You can see that I started out without dipping below 5km/day very much, had a couple rough days (SciPy 2017), then started training for my first marathon. After the marathon, things started falling apart and I started taking more 2-3km days. I also started lifting weights pretty seriously in December, which really saps day-to-day energy levels. 2018 also started off great with a pretty gnarly flu of some kind. I'm actually not sure if running with the flu for a few days was easier or harder than running the day after the marathon.

Looking at the GPS Data

I had been planning to do some neat analyses, but I'm going to leave it alone for now with a pretty picture that I can use for my Twitter banner or something.
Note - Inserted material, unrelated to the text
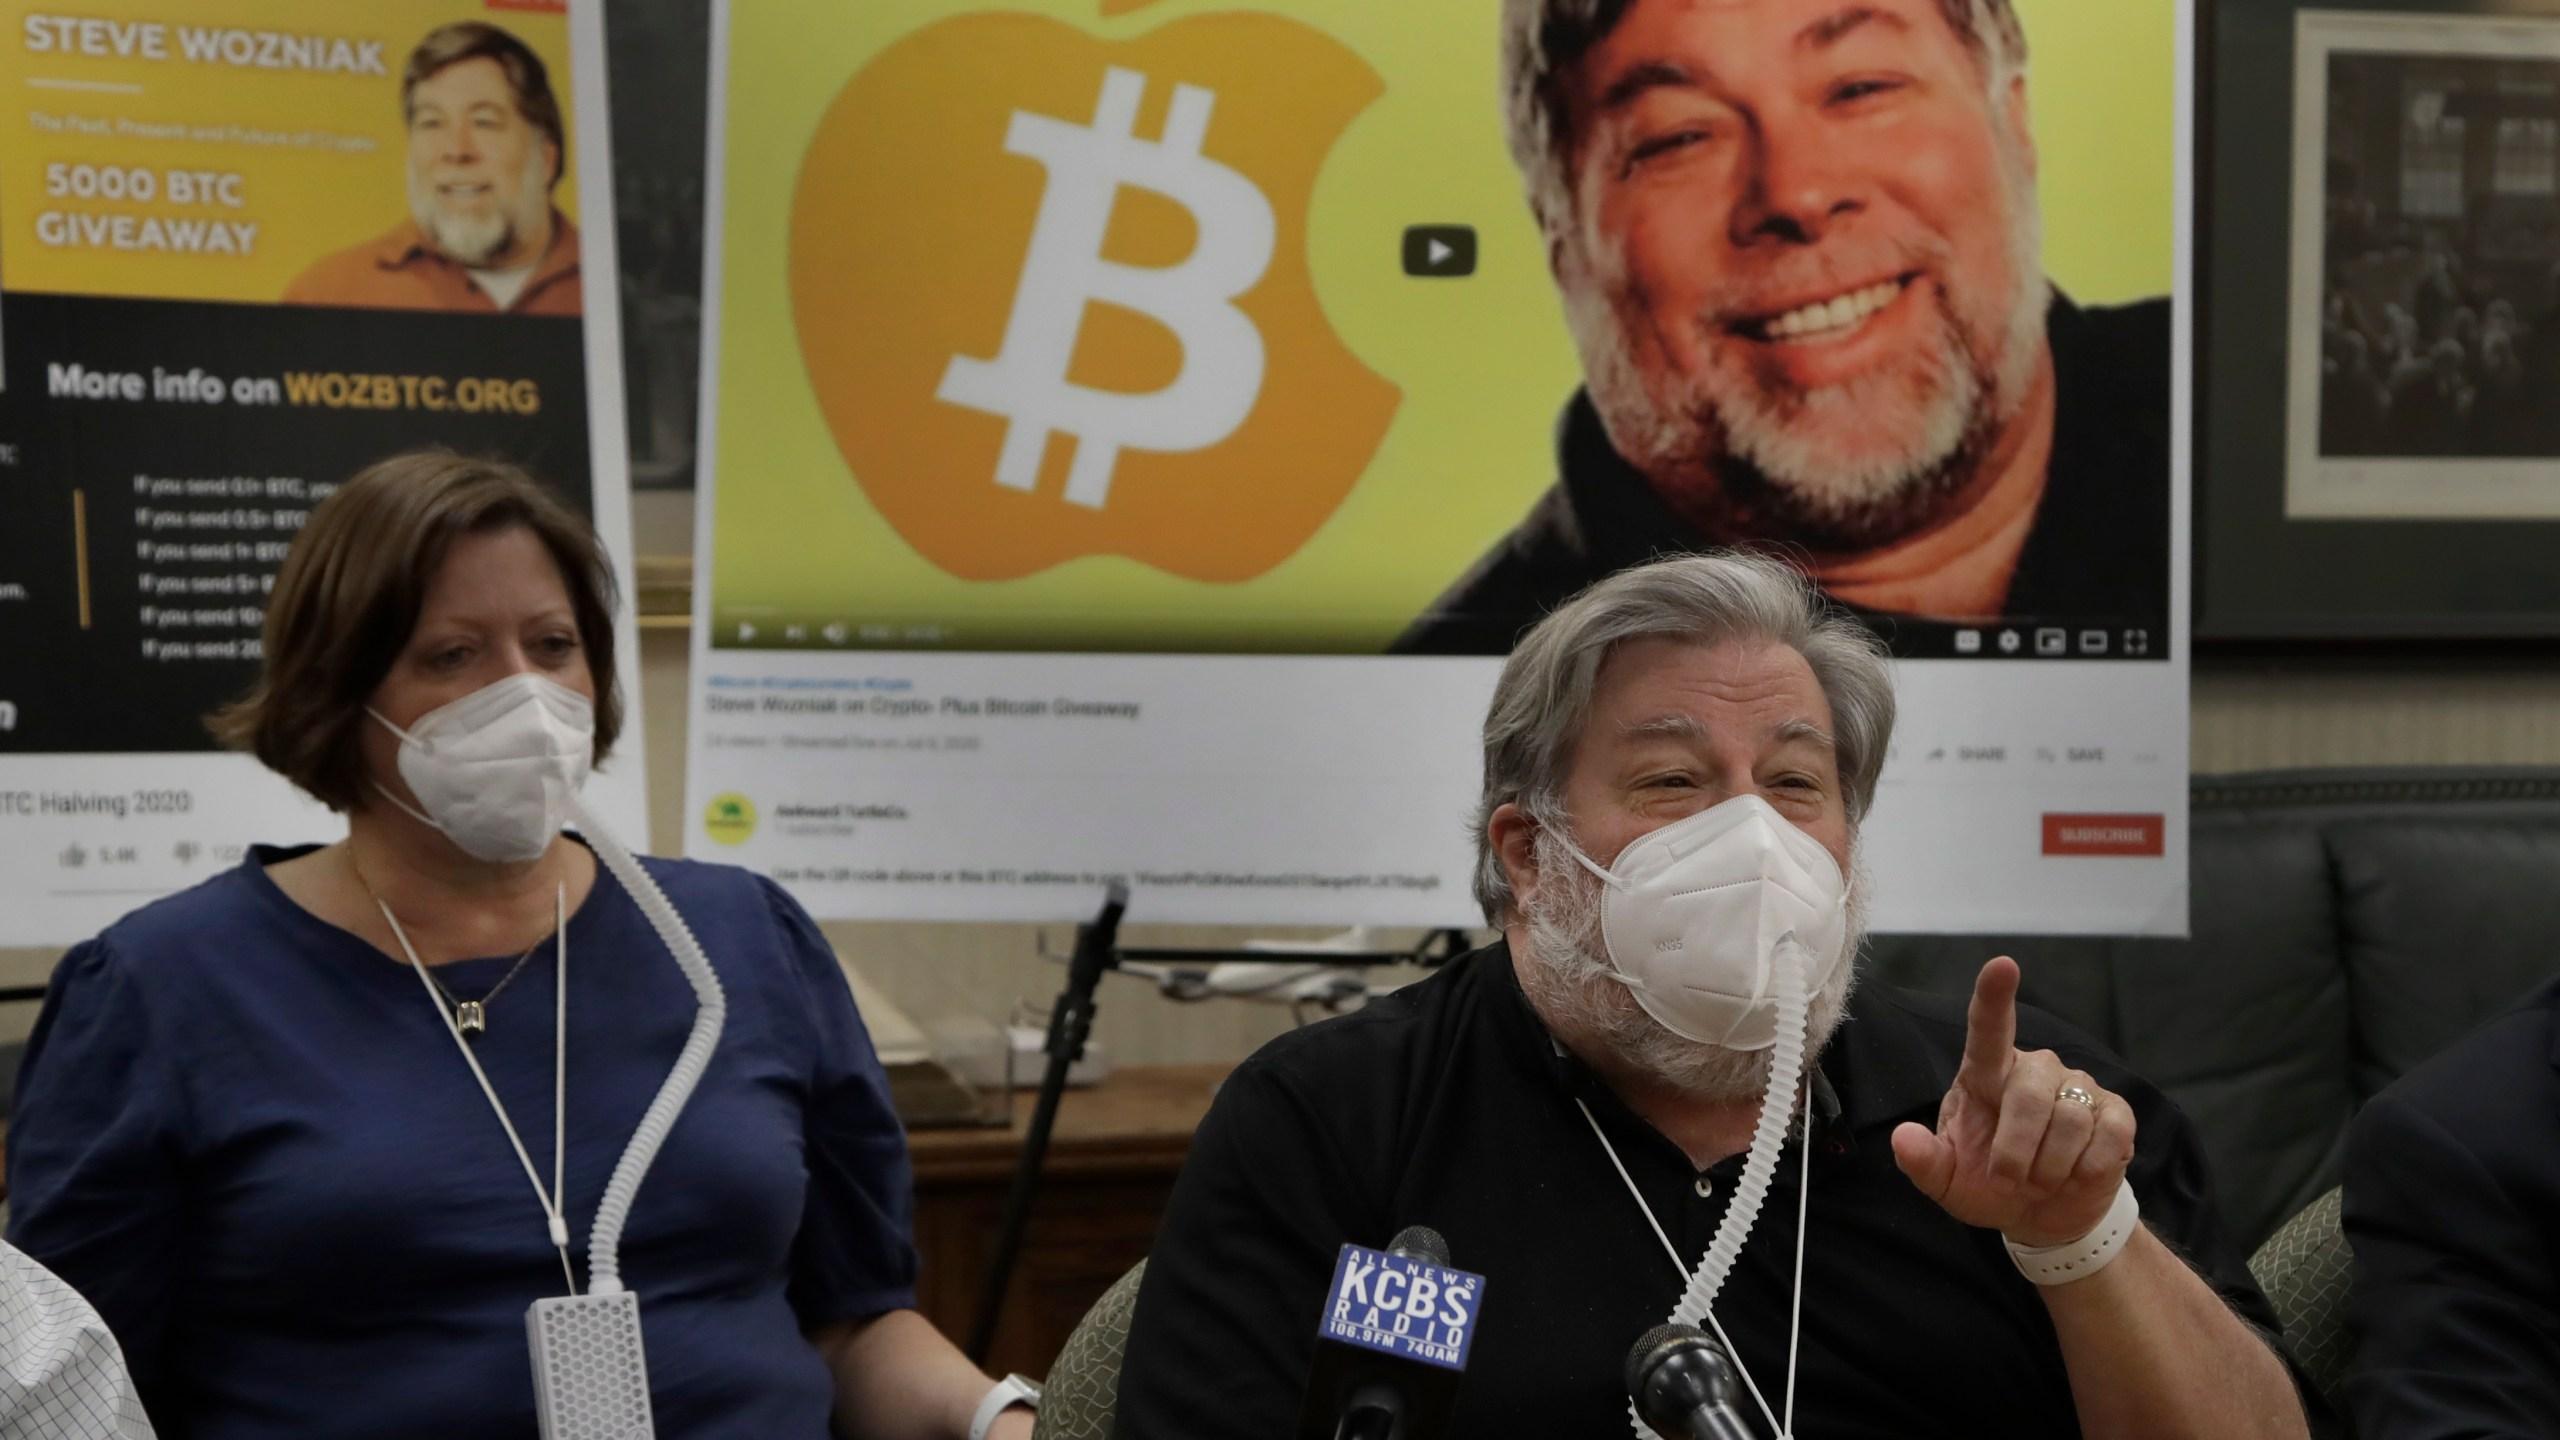 Steve Wozniak, Janet Hill
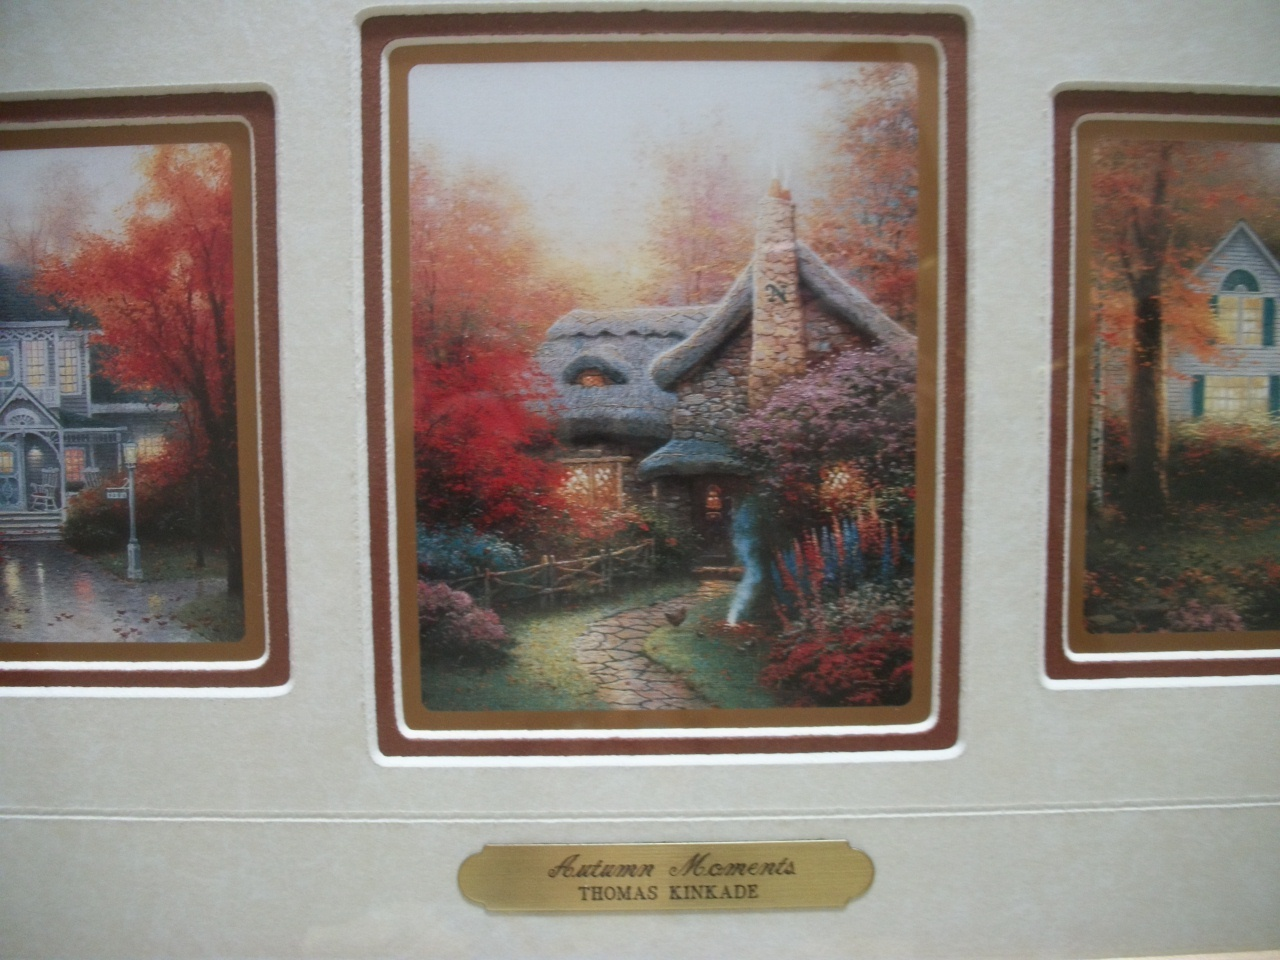 Thomas Kinkade Paintings Autumn Moments

I've run in a few places other than my home town, so I'll narrow things down to a bounding box around Davis, CA.

In [6]:
xlim = -121.8045788, -121.674863,
ylim = 38.512625, 38.5765569

I need to re-read the summary CSV file because I got rid of the "GPX File" column earlier.

In [7]:
activities = pd.read_csv(summary_csv)
activities = activities[activities.Type == 'Running']

Now I can make use of a nice library called gpxpy to parse the GPX files and extract the GPS coordinates from them.

In [8]:
import gpxpy

def loadgpx(fpath):
    with open(fpath, 'r') as f:
        return gpxpy.parse(f)

def points(gpx):
    xy = np.zeros((gpx.get_points_no(), 2))
    for i, p in enumerate(gpx.walk(only_points=True)):
        xy[i] = p.longitude, p.latitude
    return xy

Now generate the plot by iterating over GPX files and plotting the coordinates along the way. This takes a little while to run, so I downsample the coordinates to about 1 sample every 15 seconds or so.

In [9]:
width = xlim[1] - xlim[0]
height = ylim[1] - ylim[0]
ratio = abs(width / height)

fig = plt.figure(figsize=(10, 10/ratio))
ax = fig.gca()

for fname in activities['GPX File']:
    fp = os.path.join(datadir, fname)
    xy = points(loadgpx(fp))[::5, :]
    ax.plot(xy[:, 0], xy[:, 1], lw=0.2, alpha=0.5, color='k')
    
ax.set_xlim(*xlim)
ax.set_ylim(*ylim)
Out[9]:
(38.512625, 38.5765569)
In [10]:
fig.savefig('map.png', dpi=600)

Conclusions

The question now is, do I run tomorrow?